BlackJack strives to be a full featured crate for general data processing.


_Long term_ goal is to create a lightweight [Pandas](https://pandas.pydata.org/) equivalent
by and for the Rust community, but with slight differences in focus...


The project strives for a few key principles. When any implementation decisions are to be made,
they are made with these principles in mind, and in this order:
1. **Memory efficiency**
    - Minimize memory use at every opportunity.
2. **Usability**
    - Strive for ergonomics; often done by modeling the `Pandas` API where possible.
3. **Speedy**
    - It comes naturally most times with Rust. :)

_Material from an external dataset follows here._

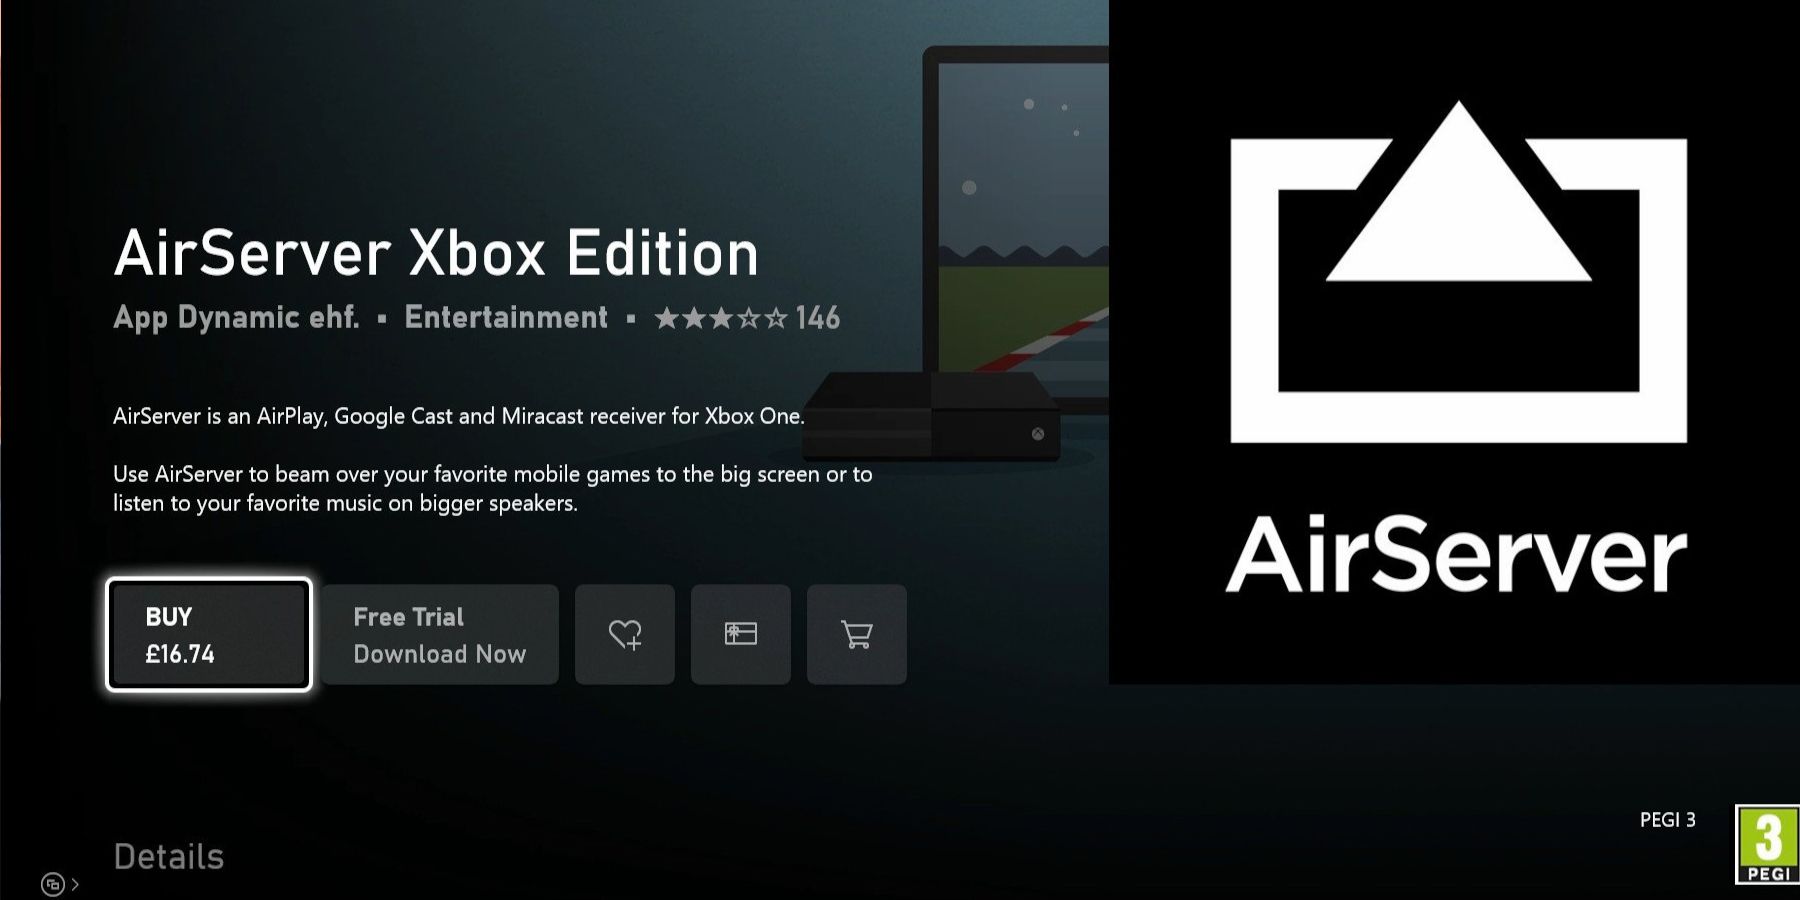 AirServer Xbox Edition

Eventually we'll have a Python wrapper: [Lumber-Jack](https://github.com/milesgranger/lumber-jack)
associated with this crate, but that time will come.

### Example use:

```rust,skt-default

// We have a dataframe, of course...
let mut df = DataFrame::new();

// Make some series, of different types
let series_i32: Series<i32> = Series::arange(0, 5);
let mut series_f64: Series<f64> = Series::from_vec(vec![1.0, 2.0, 3.0, 4.0, 5.0]);

// You can set a series name!
series_f64.set_name("my-series");

// Or not... 
assert_eq!(series_i32.name(), None);

// And add them to the dataframe
df.add_column(series_f64).unwrap();
df.add_column(series_i32).unwrap();

// And then get a reference to a Series
let series_f64_ref: &Series<f64> = df.get_column("my-series").unwrap();

```

## Read a CSV file:
Also supports reading `.gz` files

```rust,skt-default

// Define the path to file
let path: &str = concat!(env!("CARGO_MANIFEST_DIR"), "/tests/data/medium_csv.csv");

// Use the `Reader` to read the dataframe
let df = Reader::new(&path).read().expect("Failed to read file");

// Get a refrence to a specific column and assert the sum of that series
let series2: &Series<i32> = df.get_column("col2").unwrap();

assert_eq!(series2.sum(), 3000);

```

## Query/filter a dataframe

```rust,skt-default
let mut s1 = Series::from(0..5);
s1.set_name("col1");

let mut s2 = Series::from(10..15);
s2.set_name("col2");

let mut s3 = Series::from_vec(vec![
    "foo".to_string(),
    "bar".to_string(),
    "foo".to_string(),
    "bar".to_string(),
    "foo".to_string(),
]);
s3.set_name("col3");

let mut df = DataFrame::new();
assert!(df.add_column(s1).is_ok());
assert!(df.add_column(s2).is_ok());
assert!(df.add_column(s3).is_ok());

// Before filtering, we're len 5 and first element of 'col1' is 0
assert_eq!(df.len(), 5);

df.filter_by_row(|row| row["col1"] == Datum::I32(&0));

// After filtering, we're len 4 and first element of 'col1' is now 1
assert_eq!(df.len(), 4);

// Filter by string foo,
df.filter_by_row(|row| row["col3"] != Datum::STR(&"foo".to_string()));
assert_eq!(df.len(), 2);
```


## and a whole lot more..


---

## Development

- Rust >= 1.31
- [GSL]https://www.gnu.org/software/gsl/ ~= 2.4
    - Fedora: `sudo dnf install gsl-devel`
    - Ubuntu: `sudo apt-get install libgsl-dev`
    - [Windows Install Instructions]https://www.gnu.org/software/gsl/extras/native_win_builds.html

---

## Contributing

All contributions are welcome. Contributors of this project are expected to treat all
others with respect and dignity; acknowledging there will be differences of opinion
and strive to provide a welcoming environment for others, regardless of skill level.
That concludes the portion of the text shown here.